Zone2NorthLondon · 09/10/2022 17:57

Genuine question. Why shouldn’t he travel business if he can afford it? If you cannot afford it that’s not his responsibility. It’s a bit dire to be financially reliant on your boyfriend hoping he’ll either upgrade your seat or he’ll settle and downgrade

Because it’s their first trip together. So it’s as much about the journey as the destination. Why wouldn’t you want to share that?

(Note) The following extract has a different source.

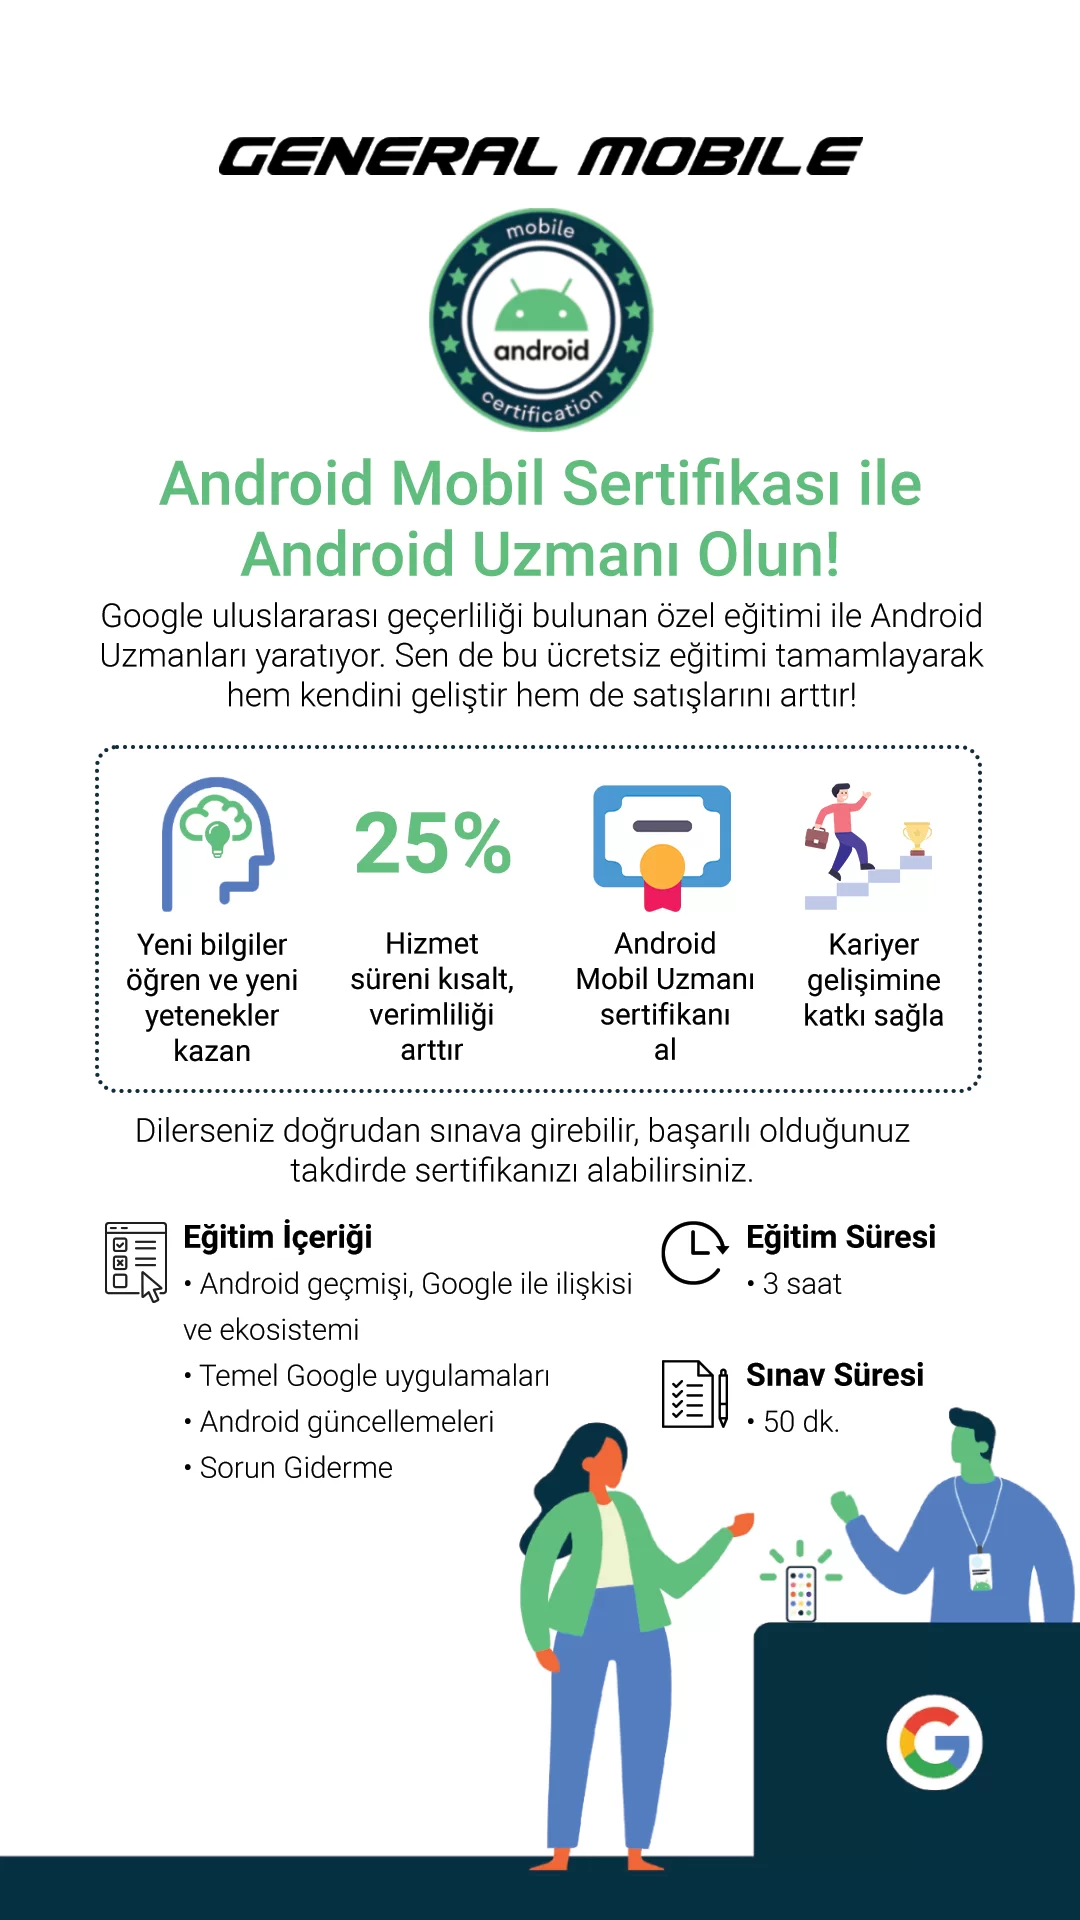 General Mobile Google İş birliği ile Android Mobil sertifika programı

I’m very much a “I’m paying my own way” girl but I’ve never had a relationship where we didn’t both discuss and book it together. As it stand DH has thousands of points, BA Gold membership and lounge benefits. Even before we married he git me into lounge becayse why wouldn’t you?

KangFang · 09/10/2022 18:05

I would dump him for that alone.
You're certainly not his priority, that's for sure.

PornographicPriestess · 09/10/2022 18:06

I'd tell him to get fucked

masterblaster · 09/10/2022 18:06

You massively drip fed that he paid with points from his Amex. Sounds reasonable to me. He will be able to take you in to the lounge, so you are complaining about not sitting next to him for a couple of hours. Grow up.